Ricorso trasferimento Legge 104/92: TAR Bologna lo dichiara inammissibile per difetto di giurisdizione

REPUBBLICA ITALIANA

IN NOME DEL POPOLO ITALIANO

Il Tribunale Amministrativo Regionale per la Emilia Romagna

(Sezione Prima)

ha pronunciato la presente

SENTENZA

sul ricorso numero di registro generale 687 del 2015, proposto da:

S.V., rappresentata e difesa dagli avv. Vincenzo Savino Vantaggiato, Alfredo Matranga, con domicilio eletto presso Alessandro Castrignano in Bologna, Via Audinot 31;

contro

Ministero della Giustizia,in persona del Ministro p.t., rappresentato e difeso per legge dall'Avvocatura Distrettuale dello Stato, anche domiciliataria in Bologna, Via Guido Reni 4;

Dipartimento dell'Amministrazione Penitenziaria  - Direzione Generale del Personale e della Formazione;

per l'annullamento

del provvedimento prot. (...) con cui è stata respinta l'istanza di trasferimento proposta dalla ricorrente ai sensi della L. n. 104 del 1992, nonché di ogni altro atto presupposto, collegato, connesso;

Visti il ricorso e i relativi allegati;

Visto l'atto di costituzione in giudizio di Ministero della Giustizia;

Viste le memorie difensive;

Visti tutti gli atti della causa;

Relatore nell'udienza pubblica del giorno 13 gennaio 2016 il dott. Alberto Pasi e uditi per le parti i difensori Vincenzo Savino Vantaggiato, Silvia Bassani;

Svolgimento del processo - Motivi della decisione

La ricorrente, come affermato anche dalla medesima nel corpo del ricorso, è un funzionario contabile appartenente all'area 3 F1 dell'amministrazione  penitenziaria , ed impugna il diniego di trasferimento, ex art. 33, comma 5, L. n. 104 del 1992, per assistenza al suocero, dalla Casa circondariale di Piacenza cui è assegnata, a sede più vicina (Lecce, Brindisi o Taranto) alla residenza del parente da assistere.

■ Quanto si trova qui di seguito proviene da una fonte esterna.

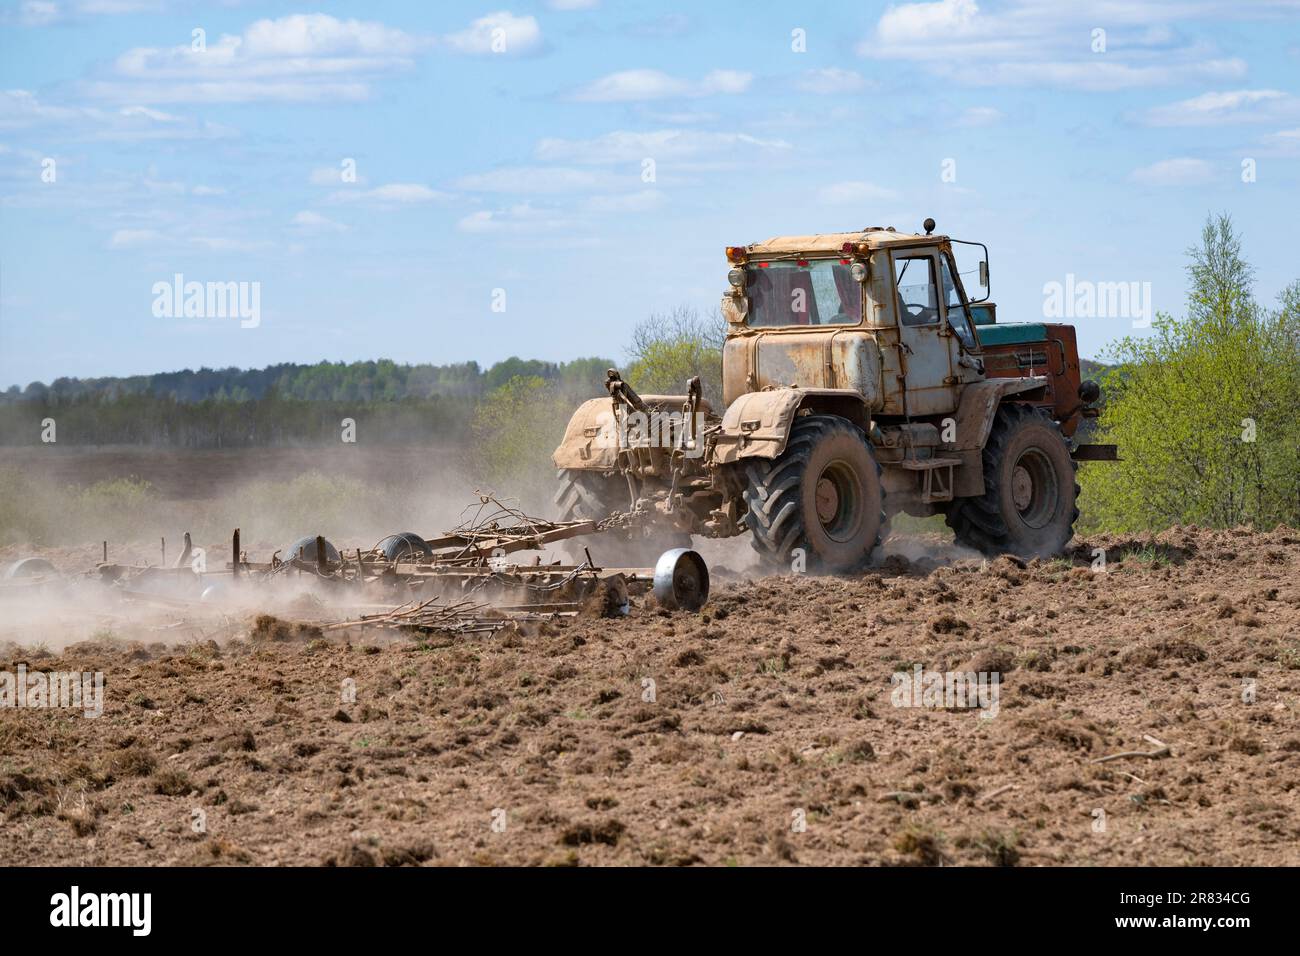 PSKOV REGION, RUSSIA - MAY 07, 2023: Old T-150K (Soviet agricultural wheeled tractor) harrows a plowed field on a sunny May day Stock Photo

Essendo pacifico che la ricorrente non appartiene al Corpo di Polizia  penitenziaria e, in generale, non rientra tra il personale in regime di diritto pubblico di cui all'art. 3 del D.Lgs. n. 165 del 2001, non ricorre alcuna fattispecie derogatoria alla giurisdizione esclusiva dell'AGO in materia di rapporti di lavoro tra l'amministrazione pubblica e il dipendente.

D'altra parte, non c'è dubbio che il diniego di trasferimento è un atto di regolazione del singolo rapporto e non atto di macro-organizzazione o inerente a procedura concorsuale, uniche residue tipologie ancora devolute alla giurisdizione amministrativa generale di legittimità.

Pertanto, il ricorso è inammissibile per difetto di giurisdizione.

Spese compensate per motivi di equità.

P.Q.M.

Il Tribunale Amministrativo Regionale per l'Emilia Romagna (Sezione Prima), definitivamente pronunciando sul ricorso, come in epigrafe proposto, lo dichiara inammissibile per difetto di giurisdizione, salva la facoltà di sua riassunzione avanti la A.G.O., ai sensi e nei termini di cui all'art. 11 del C.p.a.

Spese compensate.

Ordina che la presente sentenza sia eseguita dall'autorità amministrativa.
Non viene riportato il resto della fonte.